Continental Resources Sold Oil for Ridiculously Low Prices Last Quarter, How Can it Improve?

Everyone knows oil prices have been low, but few people may appreciate just how bad those prices were for Bakken producers in the first quarter. While West Texas intermediate (WTI) has been ugly, Bakken producers have had to settle for a discount on even the WTI price due to the cost of transporting the oil to Cushing were WTI is priced. Let's take a closer look at just how bad things were in Q1.

Who could have predicted this?

Today's WTI oil price would have seemed impossible two years ago. In January and February, we saw several days of prices under $30 per barrel, with a price as low as $26 coming up a few times.

Bakken producers had it worse still. In the first quarter of 2016, Continental Resources had an average realized sales price, excluding the effects of derivative positions, of $25.72 per barrel of oil and $1.36 per Mcf of gas. The realized price was $19.27 per barrel of oil equivalent which is the combined price of both the oil and natural gas production on an energy equivalent basis.

Without the effect of derivatives, Continental's first-quarter 2016 oil differential was $7.78 per barrel below the NYMEX daily average for the period. The quarter's realized wellhead natural gas price, again without the effect of derivatives, was on average $0.73 per Mcf below the average NYMEX Henry Hub benchmark price.

The differentials come from having to transport Bakken production to the Cushing oil storage terminal. The discount equals the cost of getting Bakken oil to Cushing.

Those numbers are nothing short of brutal. The only good news is that the slowdown in Bakken production resulting from low oil prices is going to lessen the differential price that Bakken production received. Pipeline capacity will finally have a chance to catch up with production, and producers won't have to use railroads to transport, lowering transport costs and thus the differential.
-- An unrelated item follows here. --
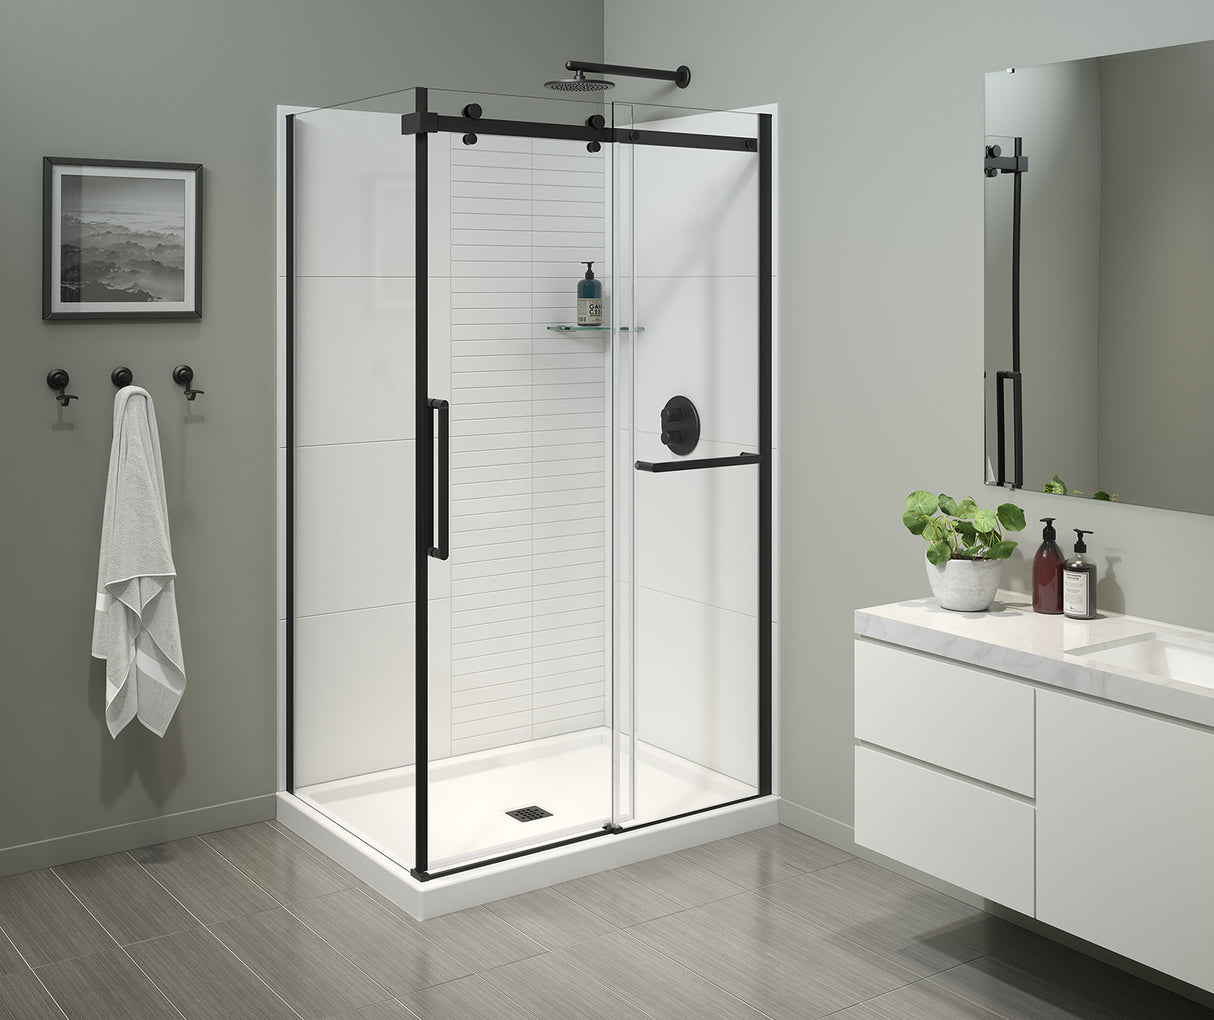 MAAX 138954-900-340-000 Halo Pro 44 ½-47 x 78 ¾ in. 8 mm Sliding Shower Door with Towel Bar for Alcove Installation with Clear glass in Matte Black

Image source: Continental Resources corporate presentation.

Adding to capacity are plans to expand of two existing pipelines and adding a new 225,000-barrel-per-day pipeline called Sandpiper, which EnbridgeEnergy Partners is building and operating.

Image source: Continental Resources corporate presentation.

This extra pipeline capacity should keep Bakken differentials lower for at least a couple of years, even if production in the region stops declining and starts growing again.

What did Q1 cash inflows and outflows look like?

From 2011 through 2014, the cash margin Continental was making from each barrel of production -- in other words, its operating profit -- was close to $50 most of the time. This is revenue less the costs of lifting the oil, royalties, general and administrative expenses, and interest. It excludes the cost of drilling the wells.

Image source: Continental Resources corporate presentation.

In 2015, that cash margin collapsed to $19.15 per barrel, and in the first quarter of this year it hit $9.07. At these prices it still made since to keep pumping oil because the company generated positive cash flow, but there's no way Continental could ever recover the upfront cost of drilling the original wells.

Image source: Continental Resources first-quarter earnings report.

Total cash flow, of course, also collapsed during the first quarter. Continental's Q1 2016 had cash flow from operations of $278 million, down almost 50% from Q1 2015 -- which was a pretty horrific quarter in its own right.

What to expect going forward

Q1 2016 was a dark time for Continental and all of its competitors. Shale oil doesn't function for long at those kinds of oil prices. While prices have recovered significantly in recent weeks, they're still too low for pretty much all of these producers.

The good news for Continental shareholders is that this company is not on its last legs, as so many operators are.

Image source: Continental Resources corporate presentation.

The health of Continental's balance sheet gives it the ability to wait for higher oil prices to arrive. The company has almost $1.9 billion of room on its revolving credit line and no worries that its banking group will change the size of that revolver -- the loan terms state no borrowing base redetermination. Moreover, the interest rate on Continental's debt is a reasonable 4.3% (bless those easy-money central bankers), and there are no debt maturities until 2018.

Compared with much of the oil patch, Continental is sitting pretty. That makes it a pretty sensible stock for those who believe oil prices are going to continue to head higher.